Maybe the paper edition appears full of huckster images of hibiscus blooms the size of children’s heads. Impossibly purple iris are given glossy cover pages. Coupons, deals, free gifts are common distractions What fun! If the A-Z approach runs out of gas near fennel, maybe a catalog for a single plant arrives. Who knew there were so many beans? Urban gardeners do not fear winter, we are too much fun immersed in seed catalogs and visions of gardens to come. 

Crocodile tears

Make lists, notes, discover new plants to try. Gogi berries were a first for me last year and an instant success. No-where was it described that these ultra-beneficial berries guaranteed to add years of gardening have no taste or flavor? Dispel suspicion, yes, those grapes really do come in bushels of deliciousness. Come what may, I hope more catalogs filter through the do not send message.

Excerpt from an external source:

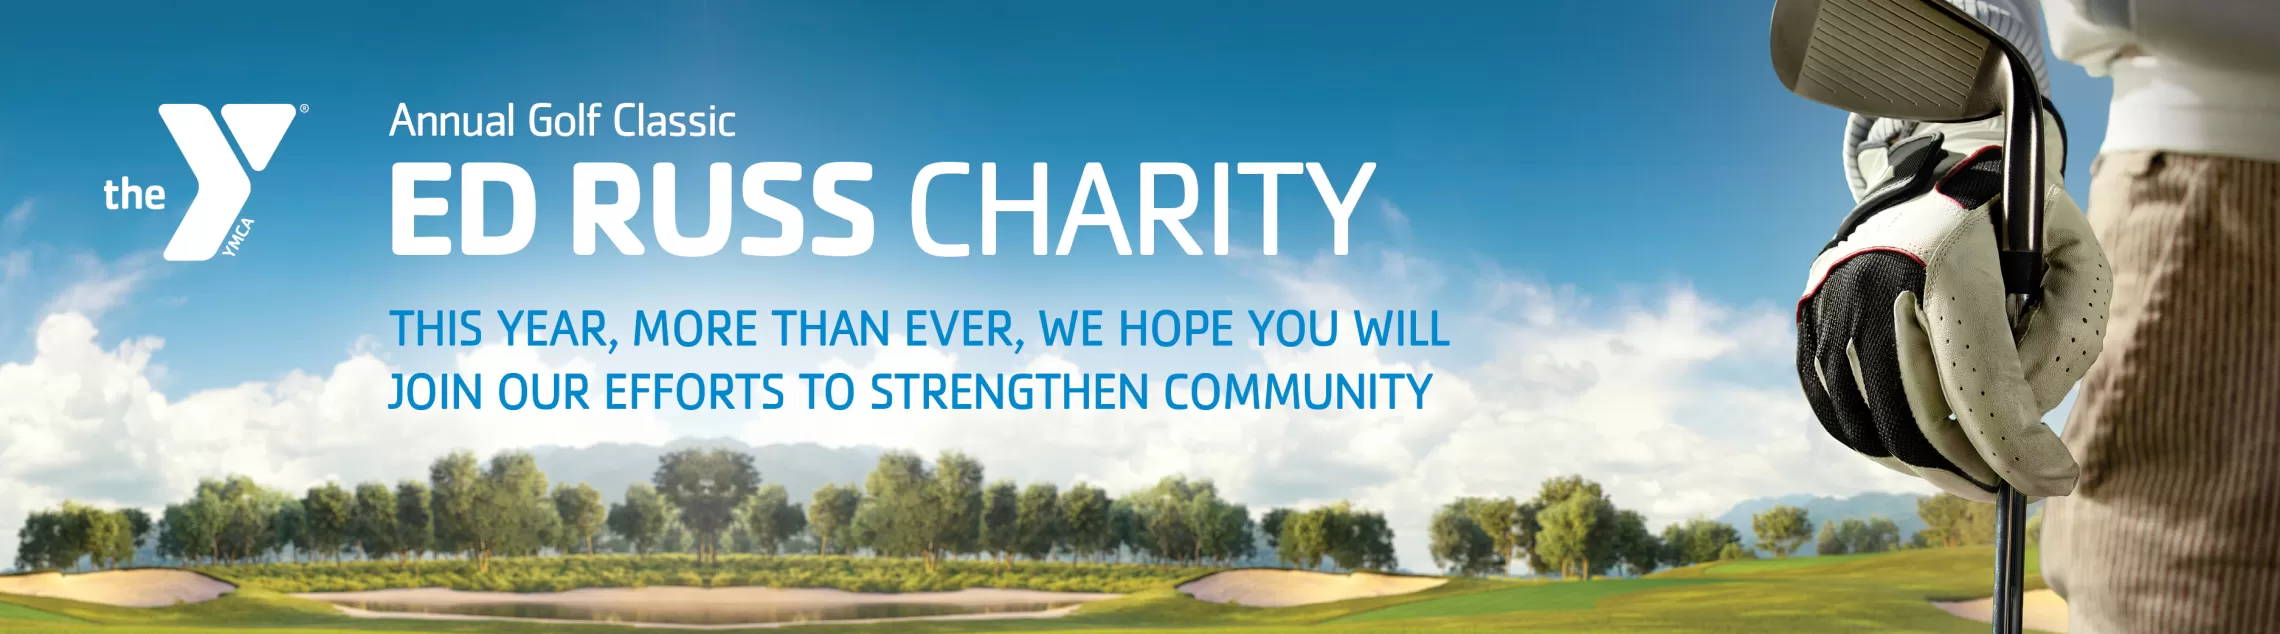 Ed Russ Charity Golf Classic Header

Like a secret vice, I welcome them just as I know it’s better to receive the online version. My crocodile tears tell all.  

Leonard Moorehead is a life- long gardener. He practices organic-bio/dynamic gardening techniques in a side lot surrounded by city neighborhoods in Providence, RI. His adventures in composting, wood chips, manure, seaweed, hay and enormous amounts of leaves are minor distractions to the joy of cultivating the soil with flowers, herbs, vegetables, berries, and dwarf fruit tree.